Return to the [castle](https://github.com/Nkluge-correa/teeny-tiny_castle).

**_Adversarial machine learning_ is the study of the attacks on [machine learning](https://en.wikipedia.org/wiki/Machine_learning "Machine learning") algorithms and the defenses against such attacks. Recent surveys expose the fact that practitioners report a dire need for better protecting machine learning systems in real-world applications.**

**One of the alternatives for making models more resilient against adversarial attacks is _adversarial training_. In adversarial training, we generate adversarial examples and use them as samples (with their correct labels) for training (retraining) the original model, making it more robust.**

**In this notebook we will create an adversarial dataset to train and test the robustness of two different models. You can learn more about evasion attacks in the context of NLP (a.k.a. _adversarial examples_) in [this notebook](https://github.com/Nkluge-correa/teeny-tiny_castle/blob/bbe9c0a77499fa68de7c6d53bf5ef7e0b43a25e0/ML%20Adversarial/adversarial_text_attack.ipynb).** 

**The technique used in this notebook is _DeepWordBug_, an attack that performs simple character-level transformations (_changes certain letters of a word_) to the highest-ranked tokens (proposed in [Black-box Generation of Adversarial Text Sequences to Evade Deep Learning Classifiers](https://arxiv.org/abs/1801.04354)).**

**In this notebook, our baseline model (used to create and compare the results of our new model) is the same `Bidirectional long-short term memory(bi-lstm)` trained on  [this](https://github.com/Nkluge-correa/teeny-tiny_castle/blob/bbe9c0a77499fa68de7c6d53bf5ef7e0b43a25e0/ML%20Explainability/NLP%20Interpreter%20(en)/model_maker_en.ipynb) notebook.**

**The dataset used to train such a model is the `sentiment_analysis_dataset.csv` available for download [here](https://drive.google.com/uc?export=download&id=1_ijhnVLHddM7Cm3R3vfqBB-svw6iNfpv) link.**

In [2]:
import json
import torch
import numpy as np
import pandas as pd
import tensorflow as tf
from tensorflow import keras
from keras_preprocessing.sequence import pad_sequences
from keras.preprocessing.text import Tokenizer, tokenizer_from_json

model = keras.models.load_model('models\senti_model.h5')

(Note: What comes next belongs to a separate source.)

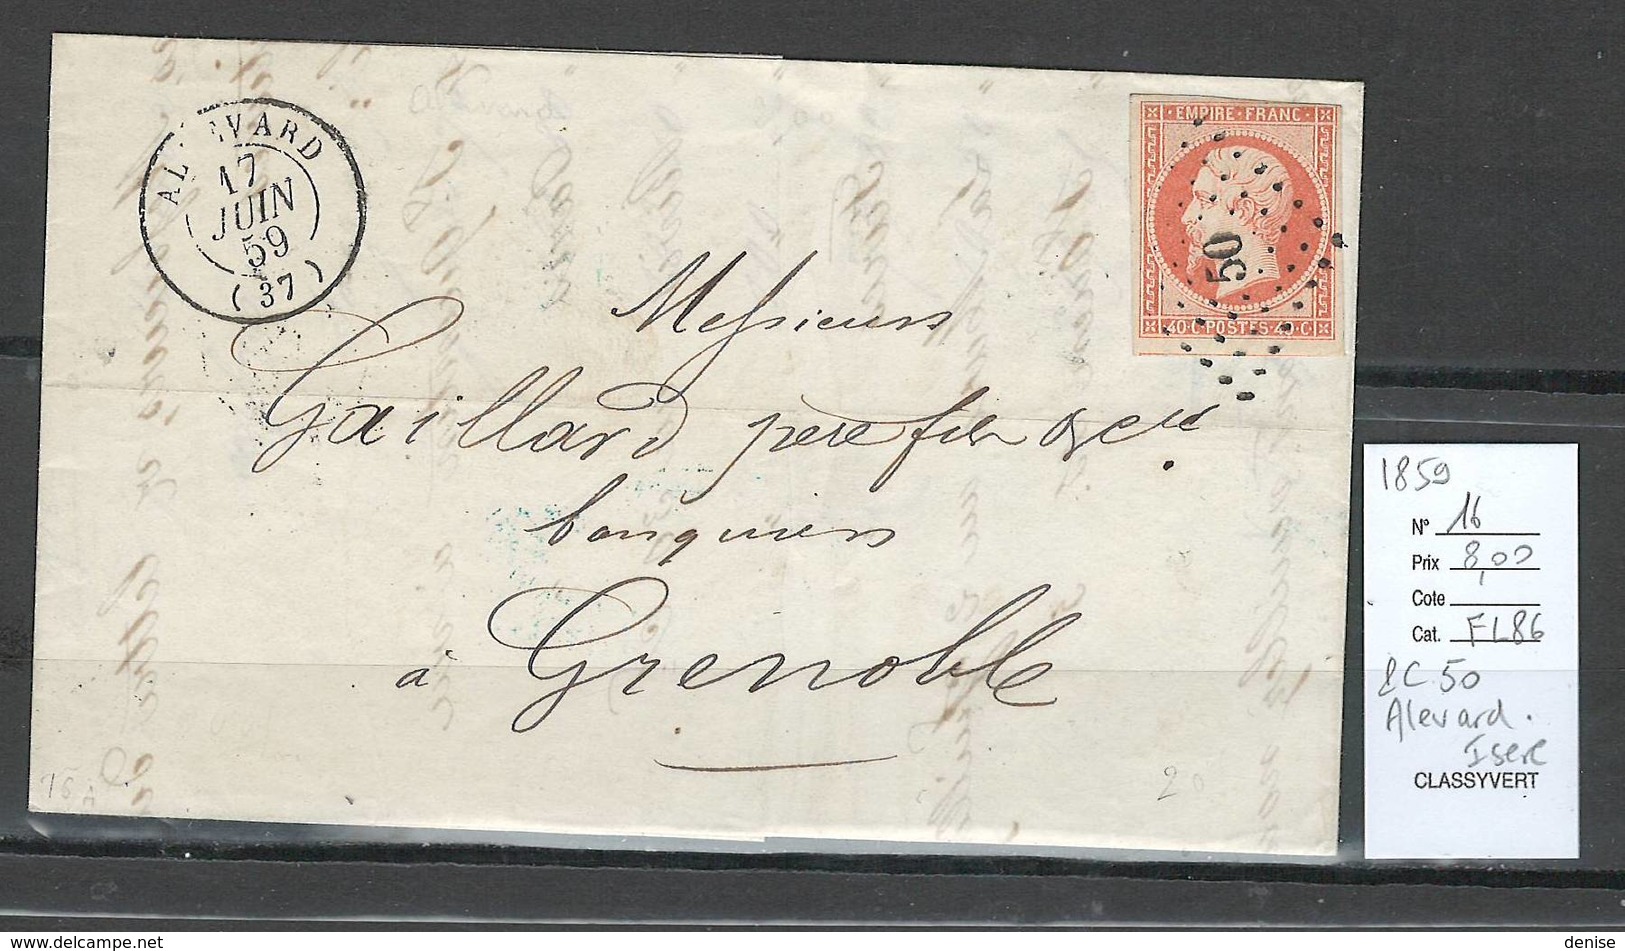 France - Lettre - Yvert 18 - PC 50 Alevard - Isere 1859 - 1849-1876: Classic Period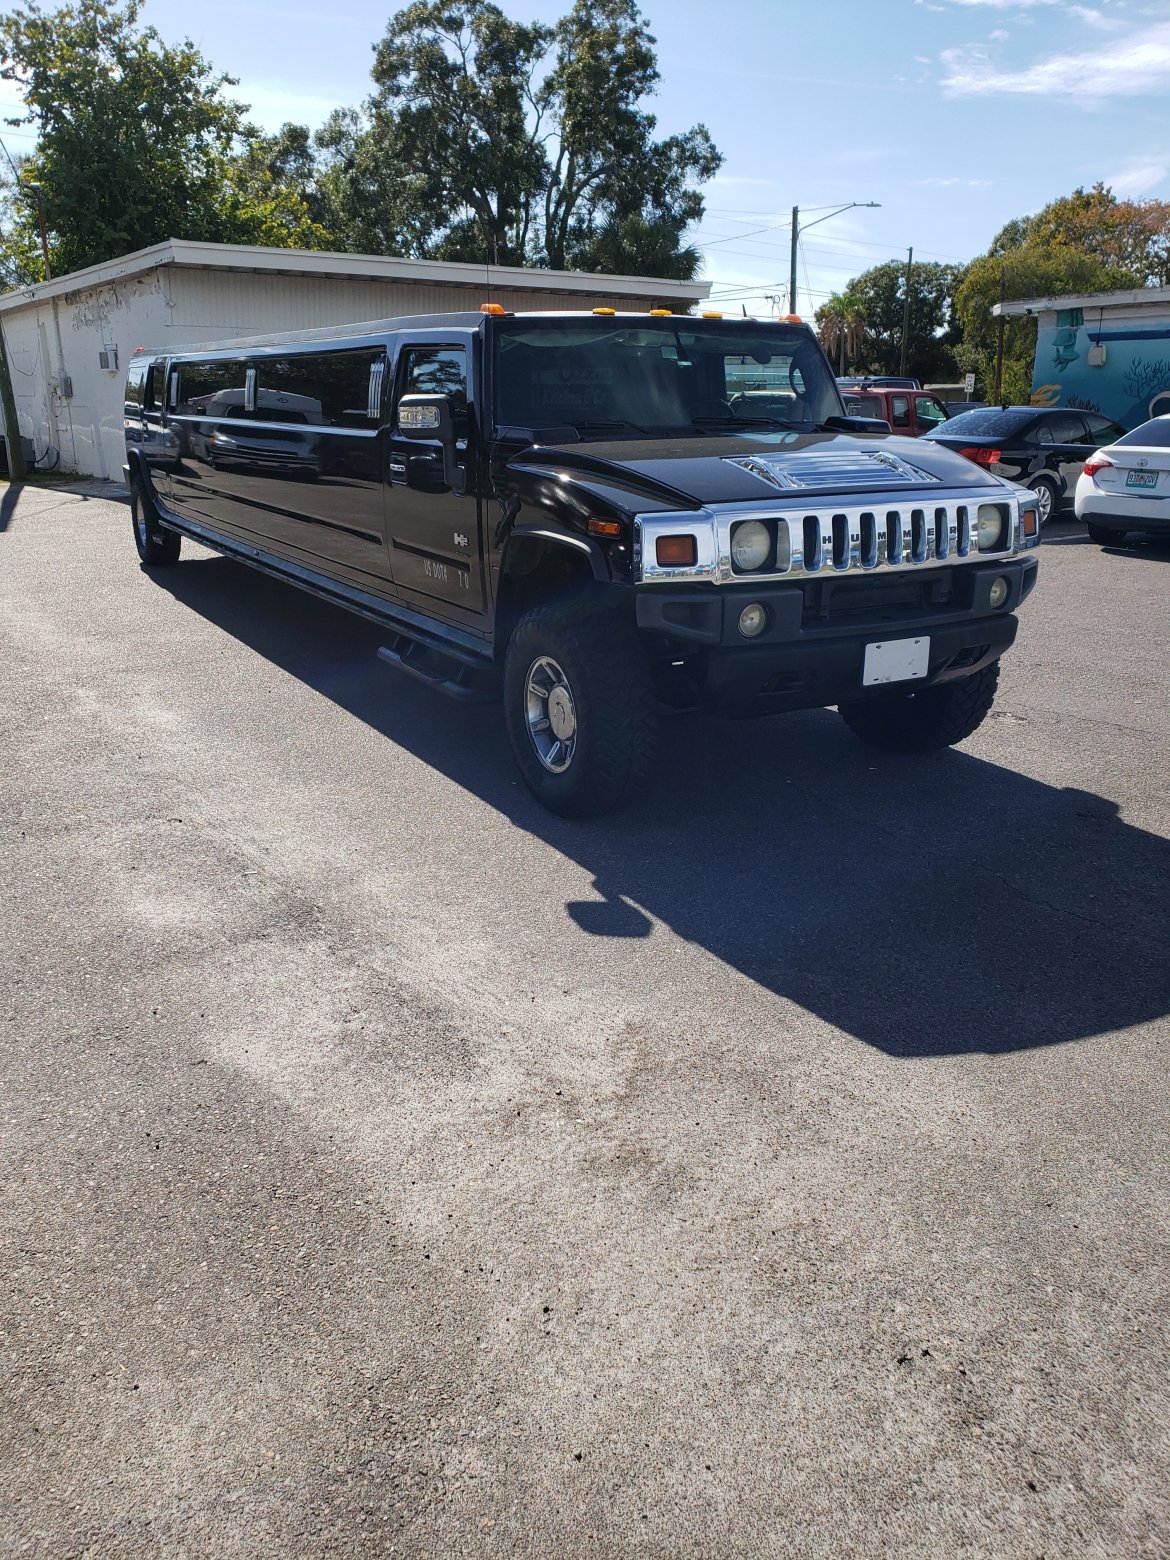 SUV Stretch for sale: 2007 Hummer H2 200&quot; 200&quot; by Krystal Coachworks

with open('models\\tokenizer_senti_model.json') as f:
    data = json.load(f)
    tokenizer = tokenizer_from_json(data)
    word_index = tokenizer.word_index

strings = [
    'is hard to say something about a model so simple',
    'you call this NLP, please, my nana can do it better in pascal',
    'this model is garbage, i wont my money back',
    'is nice to see philosophers doing machine learning',
    'this is a great and wonderful example of NLP',
    'this model is great, one of the best models ever done by a human'
]

preds = model.predict(
        keras.preprocessing.sequence.pad_sequences(
                                                    tokenizer.texts_to_sequences(strings),
                                                    maxlen=256,
                                                    truncating='post'
                                                ),
    verbose=0)

for i, string in enumerate(strings):
    print(f'{string}\n')
    print(f'Negative Sentiment 😔 {round((1 - preds[i][0]) * 100)}% | Positive Sentiment 😊 {round(preds[i][0] * 100)}%\n{"*" * 50}')

is hard to say something about a model so simple

Negative Sentiment 😔 100% | Positive Sentiment 😊 0%
**************************************************
you call this NLP, please, my nana can do it better in pascal

Negative Sentiment 😔 85% | Positive Sentiment 😊 15%
**************************************************
this model is garbage, i wont my money back

Negative Sentiment 😔 100% | Positive Sentiment 😊 0%
**************************************************
is nice to see philosophers doing machine learning

Negative Sentiment 😔 0% | Positive Sentiment 😊 100%
**************************************************
this is a great and wonderful example of NLP

Negative Sentiment 😔 0% | Positive Sentiment 😊 100%
**************************************************
this model is great, one of the best models ever done by a human

Negative Sentiment 😔 0% | Positive Sentiment 😊 100%
**************************************************


**In this notebook, we will be exploring one of the functionalities of the `textattack` library.**

> TextAttack is a Python framework for adversarial attacks, data augmentation, and model training in NLP.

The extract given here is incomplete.